Goal of the exercise:
In the copy, keep the lines from the first line of the material below through the line containing "founders day web banner" exactly as they are, and include no pictures.

Data extract:
####################
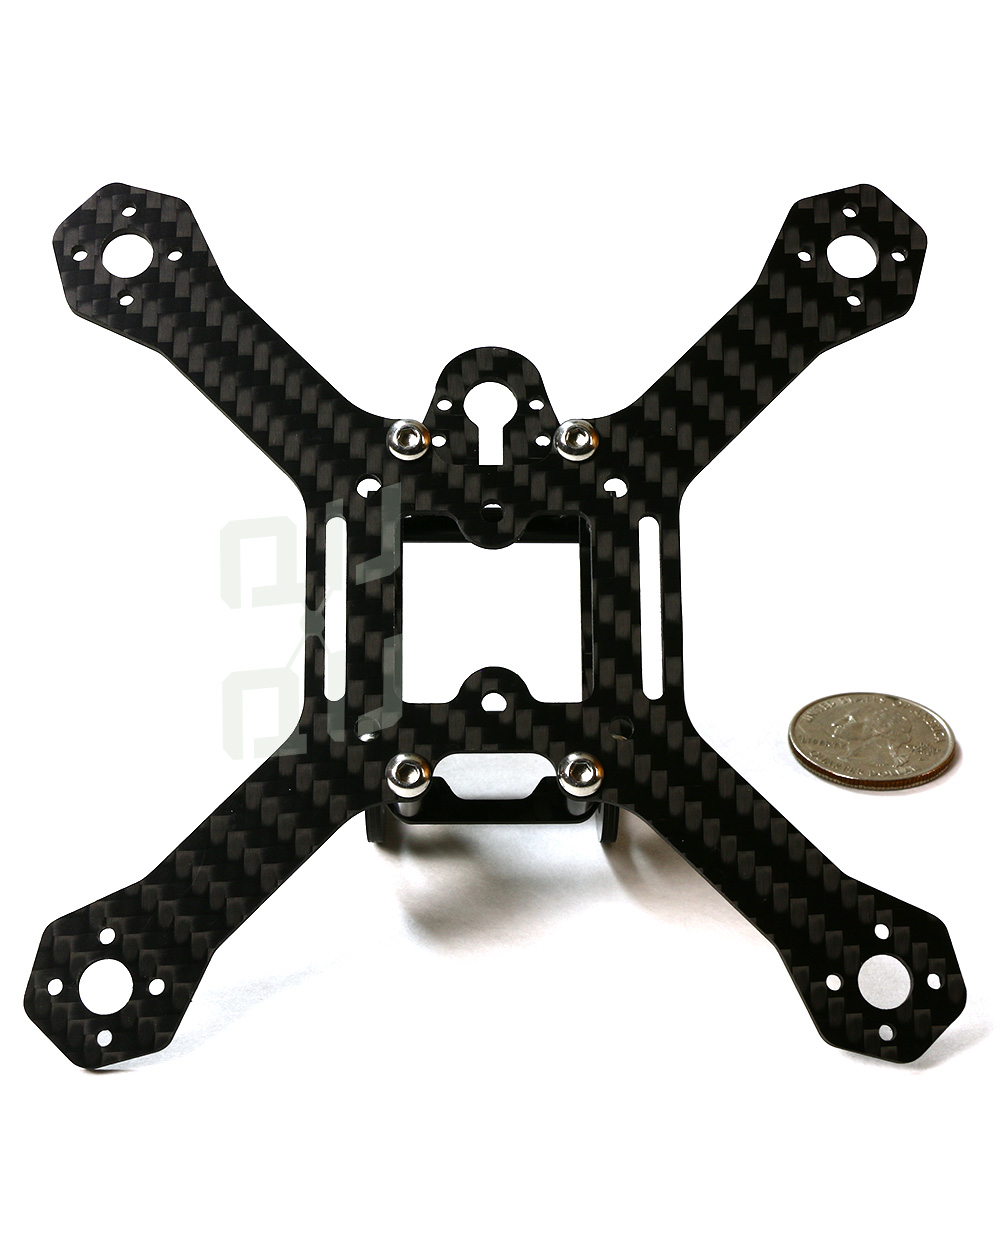 qq130 fully built 3" Racing Drone frame by QuadQuestions Rear bottom view.
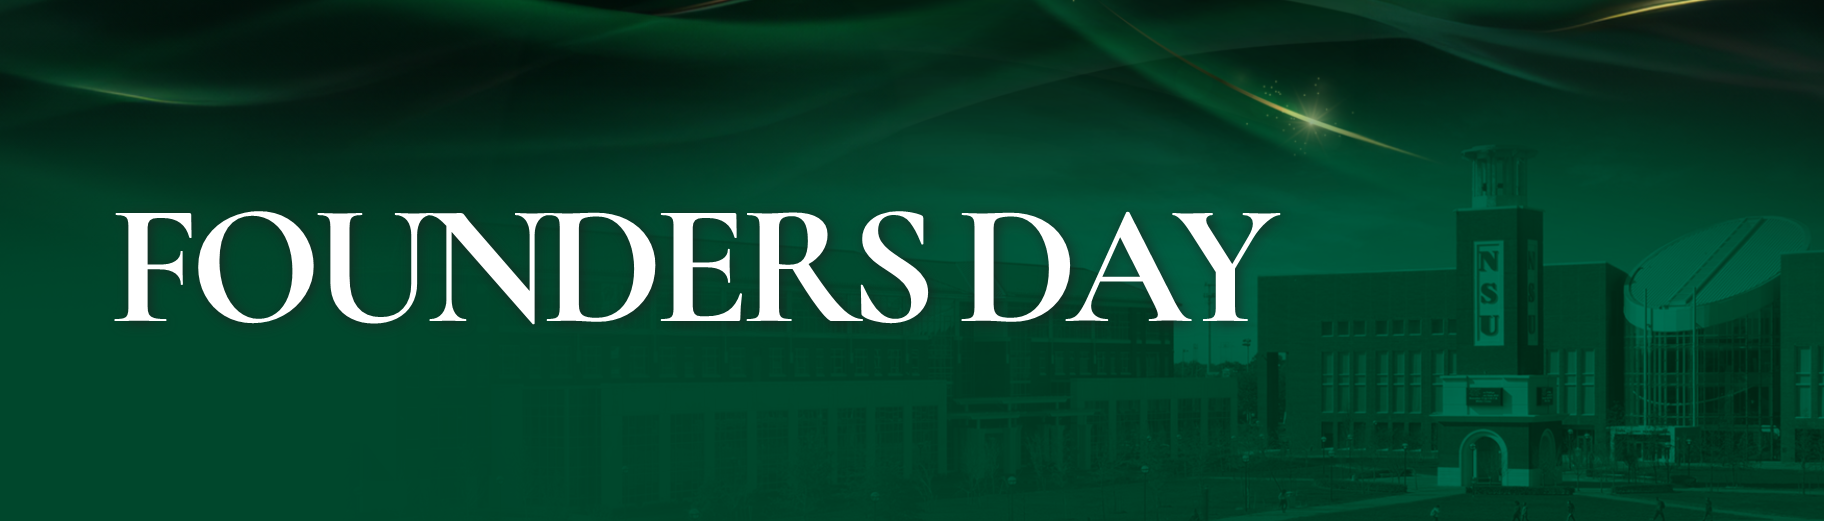 founders day web banner
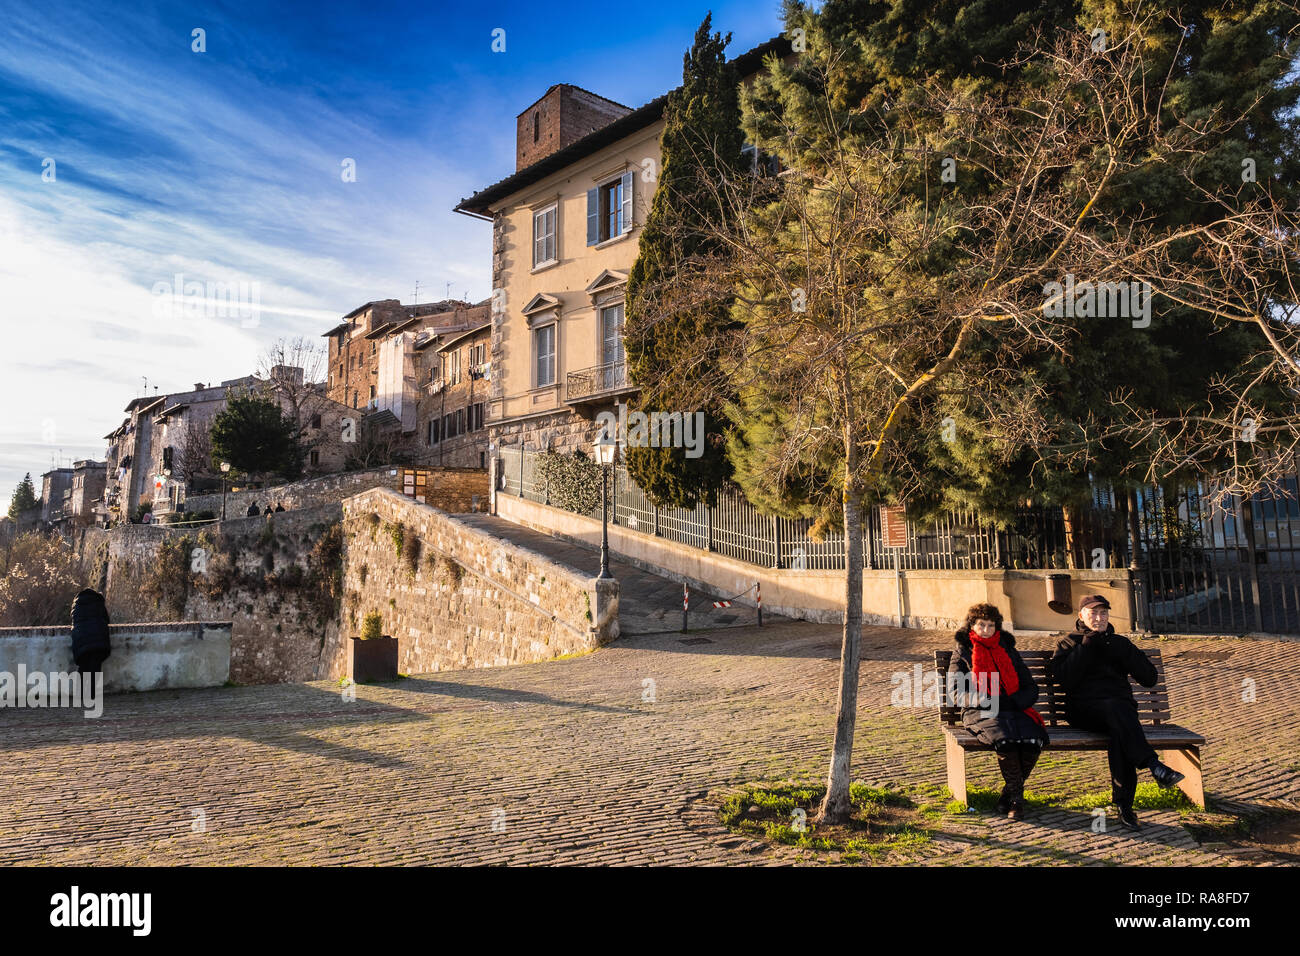 COLLE VAL D’ELSA, ITALY - DECEMBER 26, 2018: Two unknown people in the Baluardi. Panoramic view of the city in the historic center of Colle di Val d'E Stock Photo
####################
Result of this task:
 qq130 fully built 3" Racing Drone frame by QuadQuestions Rear bottom view.
 founders day web banner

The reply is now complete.